If you see someone making fabric and are trying to tell whether it's crochet or knitting, the absolute giveaway for crochet is a hooked tool.  If you aren't standing quite close enough to see whether there's a hook on the end, count the implements.  One short tool is always crochet.

Crochet also holds very few stitches.  If you see only one loop of yarn on the tool (or just a couple), you're looking at crochet.

Knitting uses at least two sharp ended needles with dozens of stitches all looped around the needles at the same time.

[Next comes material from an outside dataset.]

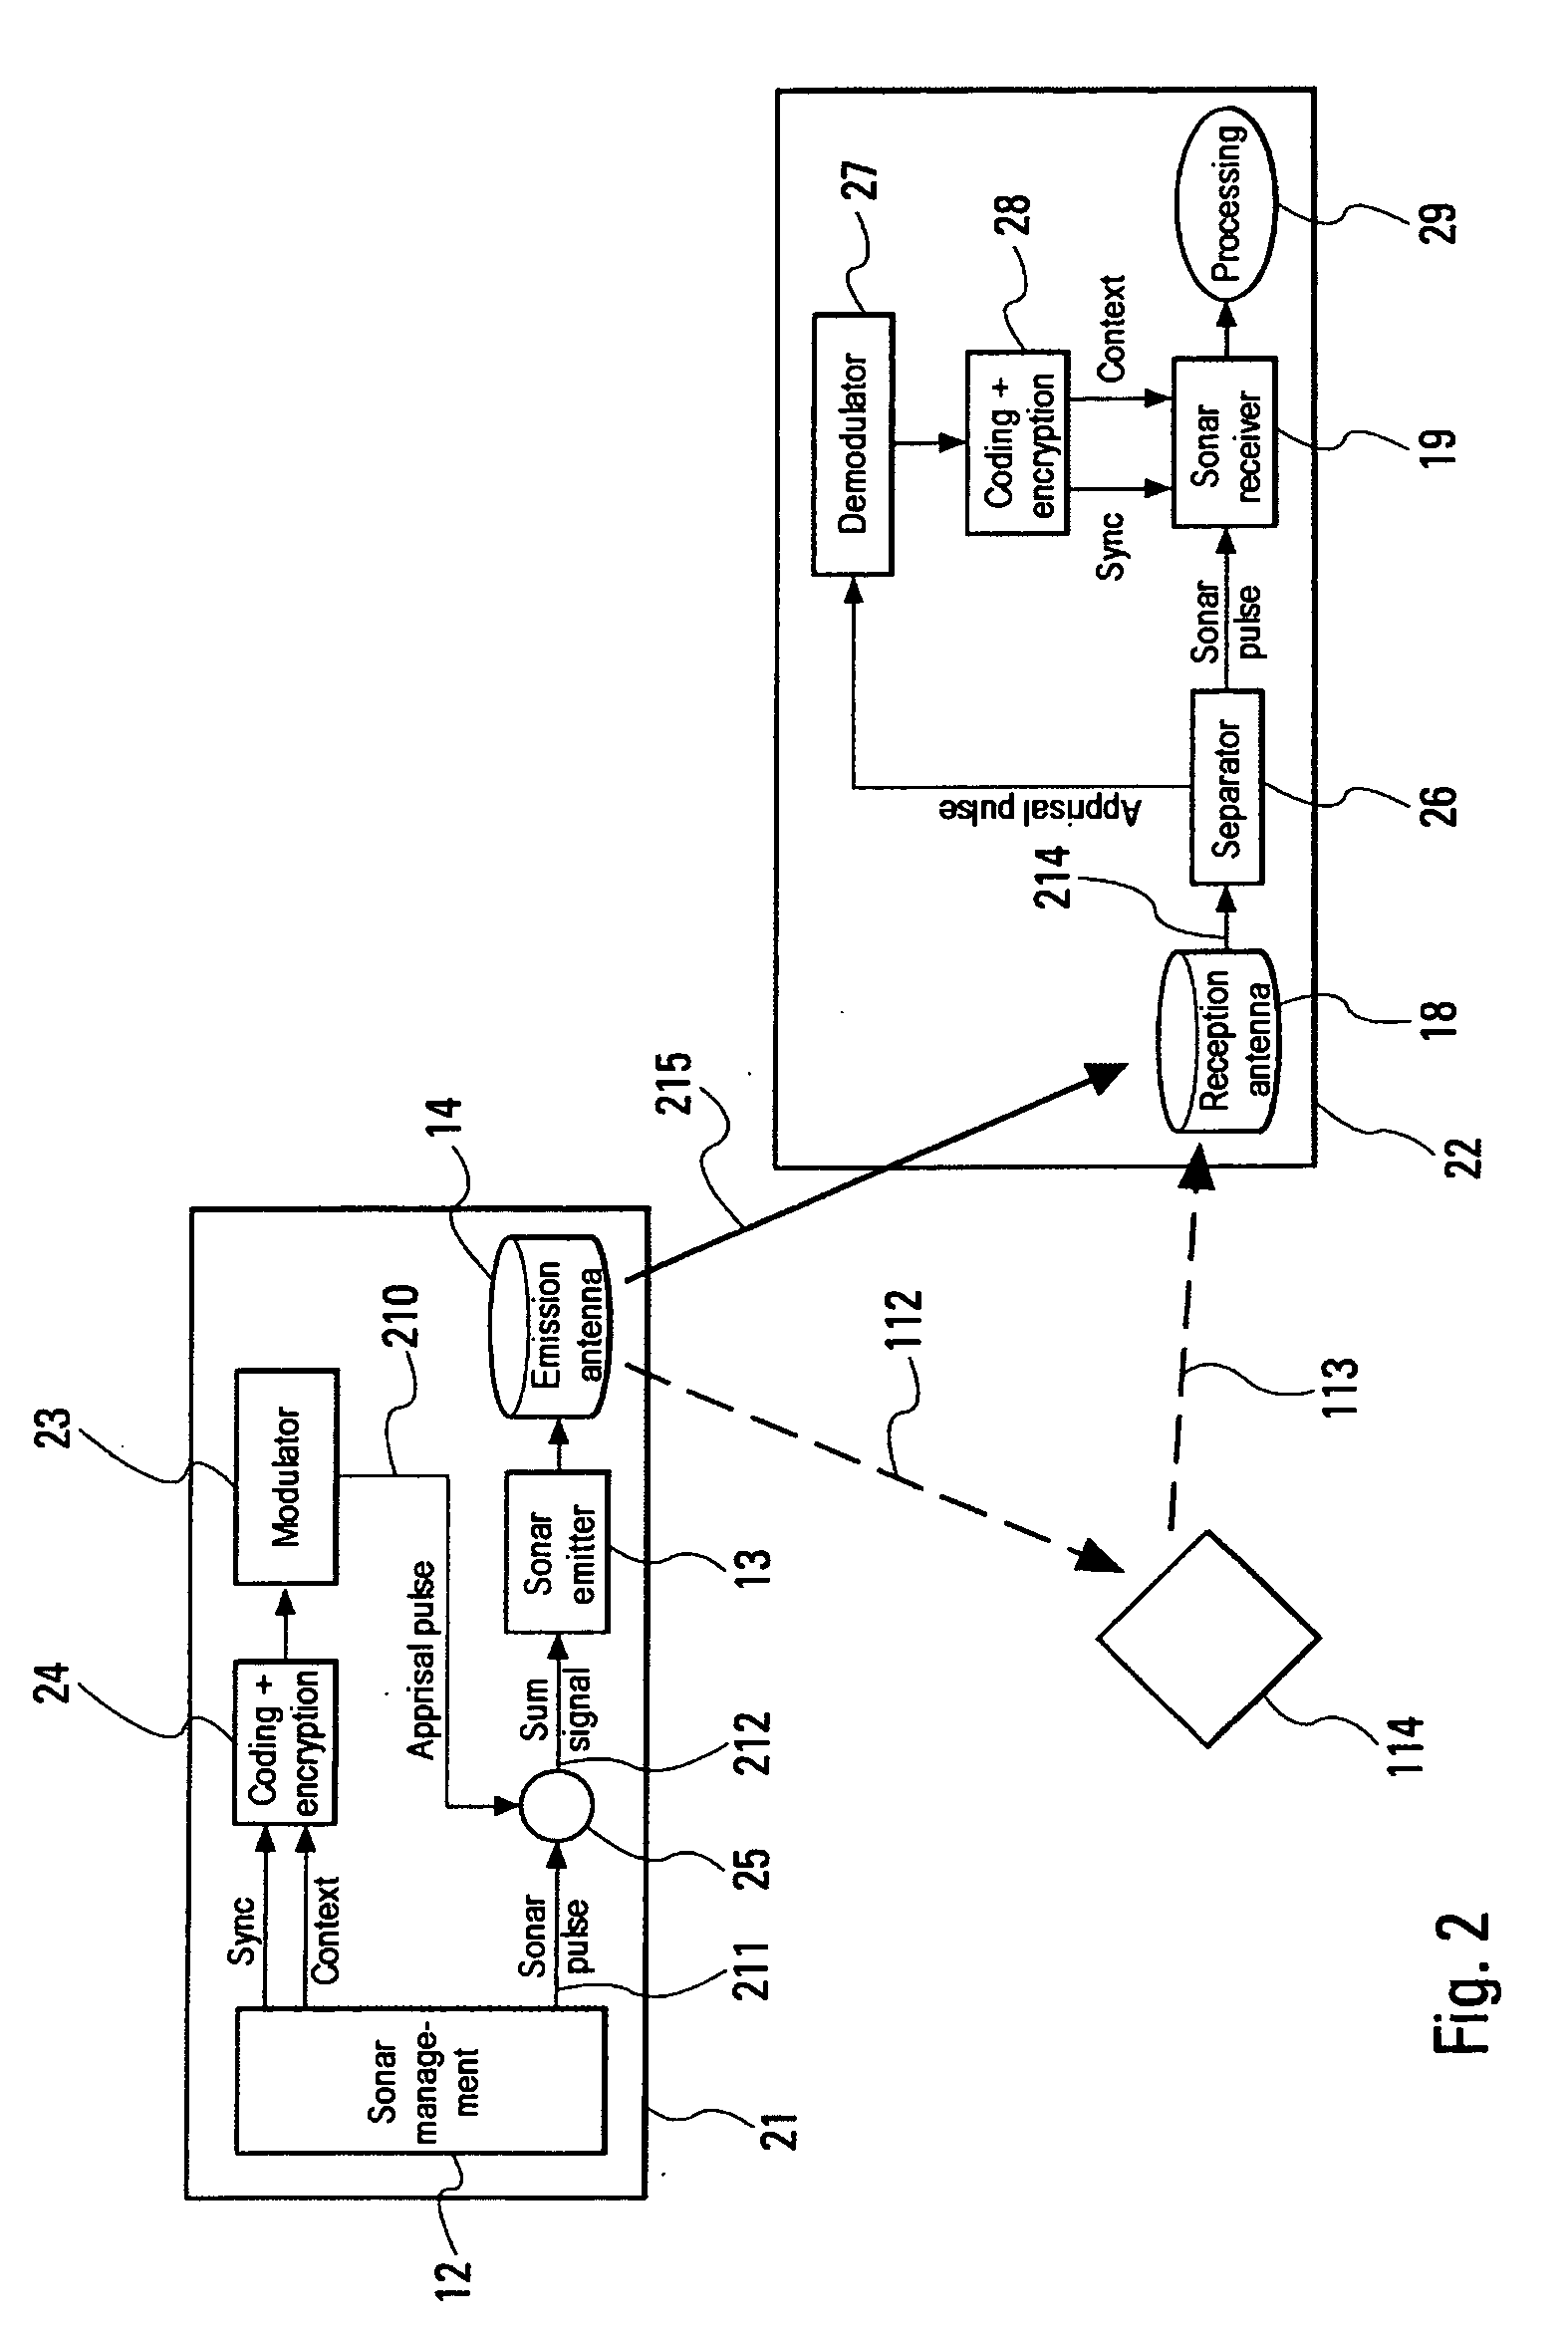 Architecture of an acoustic multistatic system

Knitting can be reproduced by machine, but crochet has to be made by hand.  So everyone owns a lot of knitted items.  T-shirts, socks, sweatpants, and mass produced sweaters are all knitted items.  Crochet has its own distinct stitch patterns that won't look like anything in your sock drawer.

Knitting is good at creating soft stretchy fabric such as socks.  Crochet tends to be stiffer so it's good for sturdy items such as placemats or tote bags.  It's easier to make fancy patterns with crochet and crochet produces fabric somewhat faster than hand knitting.

Crochet is inherently denser than knitting and uses one-third more yarn to produce the same sized item.  That sofa blanket in the photograph weighs about ten pounds.
----
Image credits:
http://en.wikipedia.org/wiki/File:Pink_knitting_in_front_of_pink_sweatshirt.JPG
http://en.wikipedia.org/wiki/File:Crochet-round.jpg

Tuesday, April 13, 2010

Neglected subjects

This morning Peter Weis and I were chatting, and I mentioned that I was learning to use a knitting machine.  He replied that Singer was famous for their knitting machines, and it was a little while before we realized that he was thinking of sewing machines rather than knitting machines.  So if you've never seen a knitting machine before, this is what one looks like.  Sewing machines join fabric together; knitting machines generate knitted fabric.

That red strip hanging down from the device is a piece of knitting.  It curls at the side because it is a stockinette stitch (stockinette stitches like to roll and curl; that's how they behave).  This knitting machine has 50 hooks threaded, half of which I'm using to produce this item.  Each hook holds one stitch of fabric.  The purple item at right is a shuttle, which pushes the hooks and creates knitting stitches as it moves across the hook bed.  I operate this shuttle manually; higher end knitting machines can be punch card driven or computerized.

The advantage of using a knitting machine is that it can generate an entire row of stitches in the time it would take to produce two or three stitches with regular knitting needles.  This device can create rows up to 100 stitches wide, and with accessory extensions I could extend that as wide as the work table.

Knitting machines aren't like regular knitting needles, though.  This doesn't pack into a tote bag and carry to Starbucks.  It needs a fairly large work table with specific dimensions and it has to be clamped down.  It also requires engineering skill: a lot of things can go wrong with the assembly and operation.

Each knitting machine can only do certain things.  The hooks are sized to a given size of yarn and spaced at a fixed spacing, which means that one machine could produce baby blankets or heavy sweaters, but not both.  This flat bed knitting machine will never make socks (unless you like a seam in your socks, which nobody does--seams in socks are uncomfortable).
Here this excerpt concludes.